The famed waterwall as you have never seen it
Of course the wonderful 'regular' collection is not forgotten and is often incorporated in some of the instillations but in the meantime there are activities aplenty going on in both the NGV International (NGVI) and also the NGV Australia (NGVA). What I found interesting was the number of young people who I have seen visiting the gallery and I suspect some are visiting for the first time. It has become an exciting place to be. It's quirky, interesting, challenging and fun. Seeing children (and adults!) threading, playing, drawing and just participating in so many activities at both galleries and in the lovely garden (a hidden gem of Melbourne) at the NGVI has been a joy. 
NGVI sculpture garden - overlooked by 'the city'
You are welcomed at the NGVI with an instillation both outside the waterwall and continuing inside. This is the Community Hall - a place where a band can be playing, or set up for story time, or for artworks, or dance - and much much more. It's a hive of activity. 
The vibrant Community Hall in the gallery foyer - open to all-comers
On the other side of the NGVI courtyard is an instillation of Ikea waste bins created into a goedesic dome. It's just another example of unexpected creativity.
Just another use for an Ikea waste bin - the Bindow by Rory Hyde!!
Then there are the sculptures in the garden, flags flying in the Great Hall. This is a coming together of artists, architects, designers, performers, then there is the threading of beads to be hung around the gallery. I was amazed at how participatory everything and everyone was in joining in the fun. With over 175 different individual and group presentations it really is hard to pick a favourite.
Visitors of all ages - threading, hanging, messaging
Perhaps one of the highlights was a video of Melbourne laneways. We popped in behind a curtain at NGVI and didn't want to come out! What a video journey we went on - we couldn't work out how it was done - clever Daniel Crooks.
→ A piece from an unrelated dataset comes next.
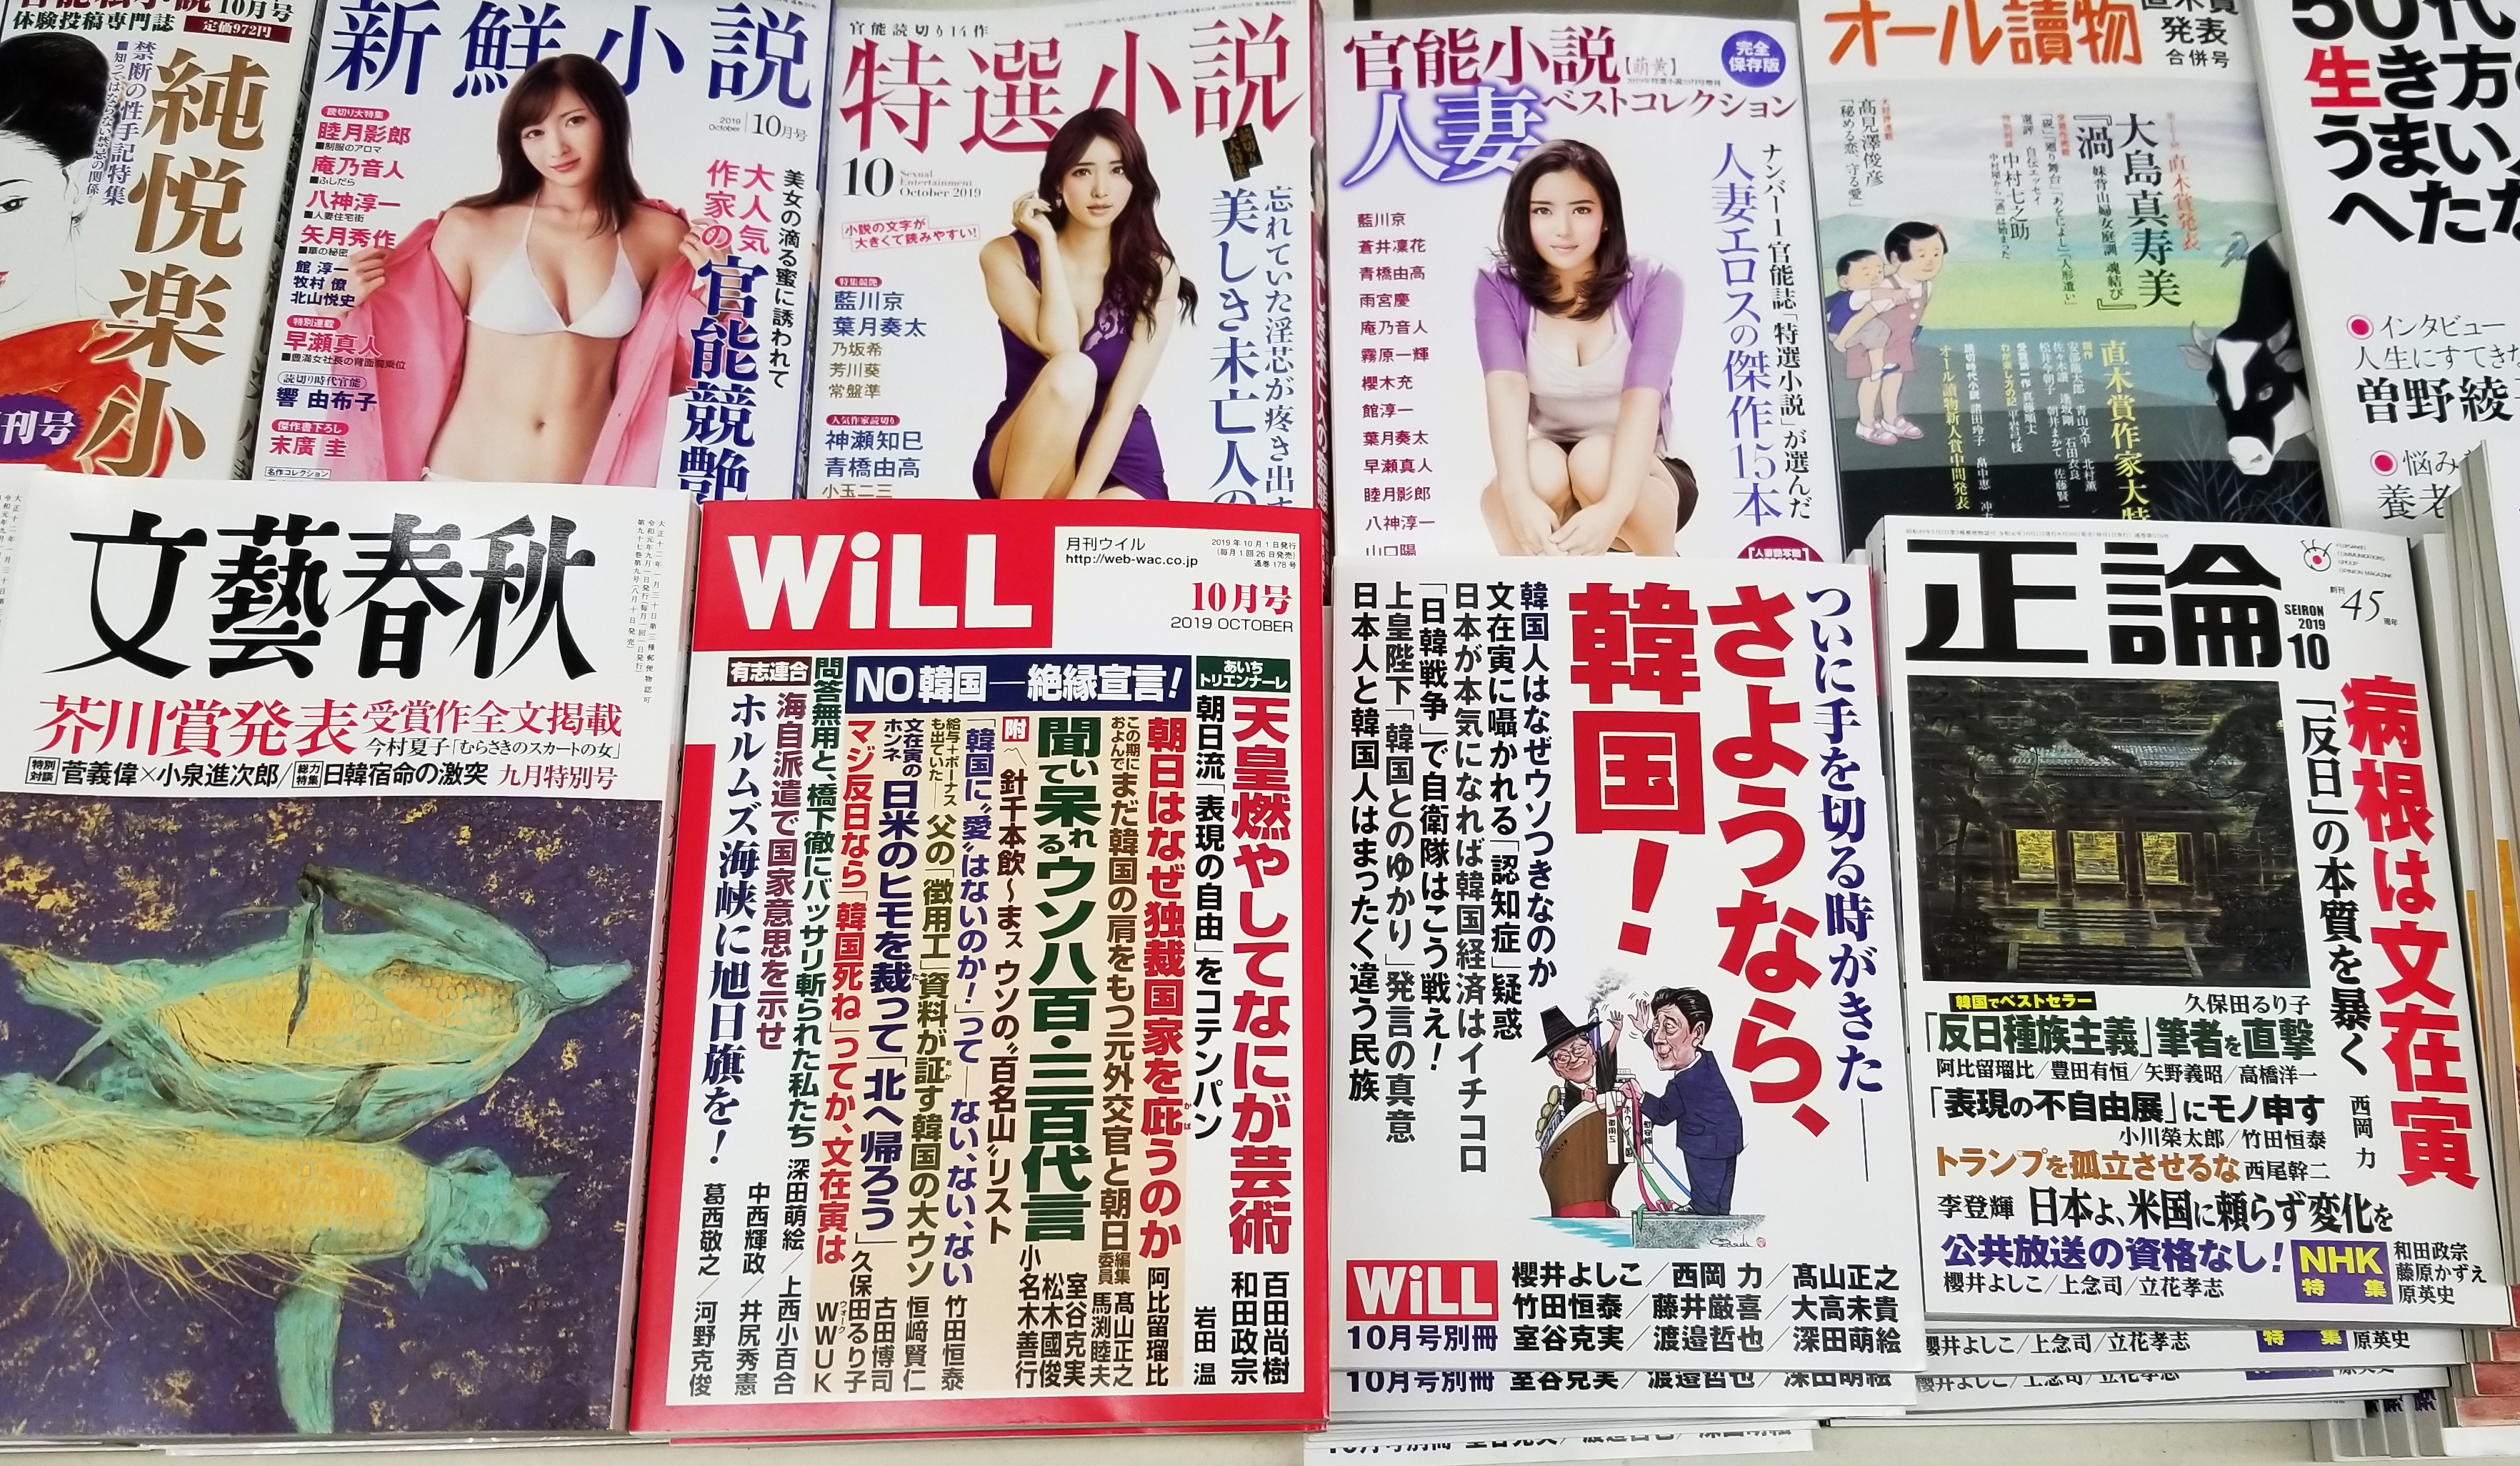 일본 도쿄의 대형 서점 입구에 진열돼 있는 우익 잡지들. 한국을 비방하고 매도하는 글들이 특집기사 형태로 실려 있다. 김태균 기자

Do spend some time moving through the back lanes of the suburbs - and it's a great opportunity to rest your weary feet!

But it was at the NGVA on the ground floor that was the most fun for me. The renowned Hotham Street Ladies (visit their website here) have created a 50's living room and the 'remains' of a Christmas Day meal - all in icing! Even the dado's on the walls are made of icing. Now there would be some/many who would say that 'this is not art' but for me 'art is in the eye of the beholder' and this beholder thought it was fun!
Hideous icing carpet, look for the icing sugar nickety nacks when you are there!
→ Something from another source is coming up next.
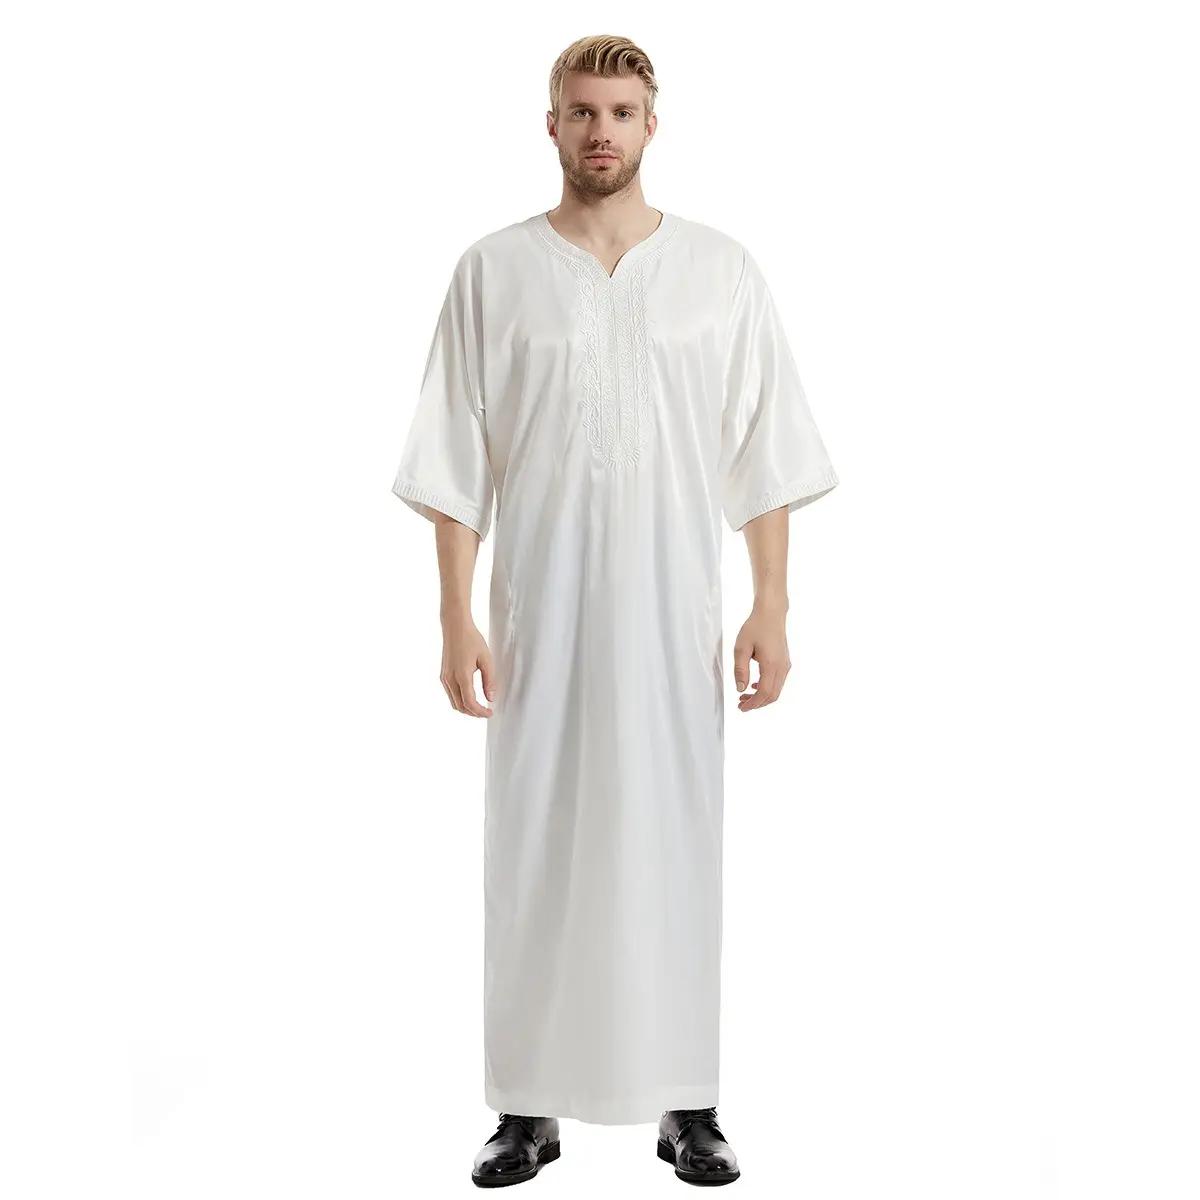 Sıcak satış arapça müslüman Thobe nakış ve yan cepler ile İslami giyim Thawb Robe erkekler için M0049

Imagine eating your way through this crocheted blanket!

A memorable Christmas lunch (all - yes all except the chairs and tables - icing)
I could go on and on but I'm sure you have the message! There is loads to see, loads to do, loads to ponder, and loads to enjoy. It's not all fun and games but it has brought a vibrancy to an oft considered staid and rather intimidating institution. Try and allocate a couple of hours for each Gallery. I'll leave you with a Melbourne Now directions to the loos! It sort of sums up the quirkiness of this extraordinary event.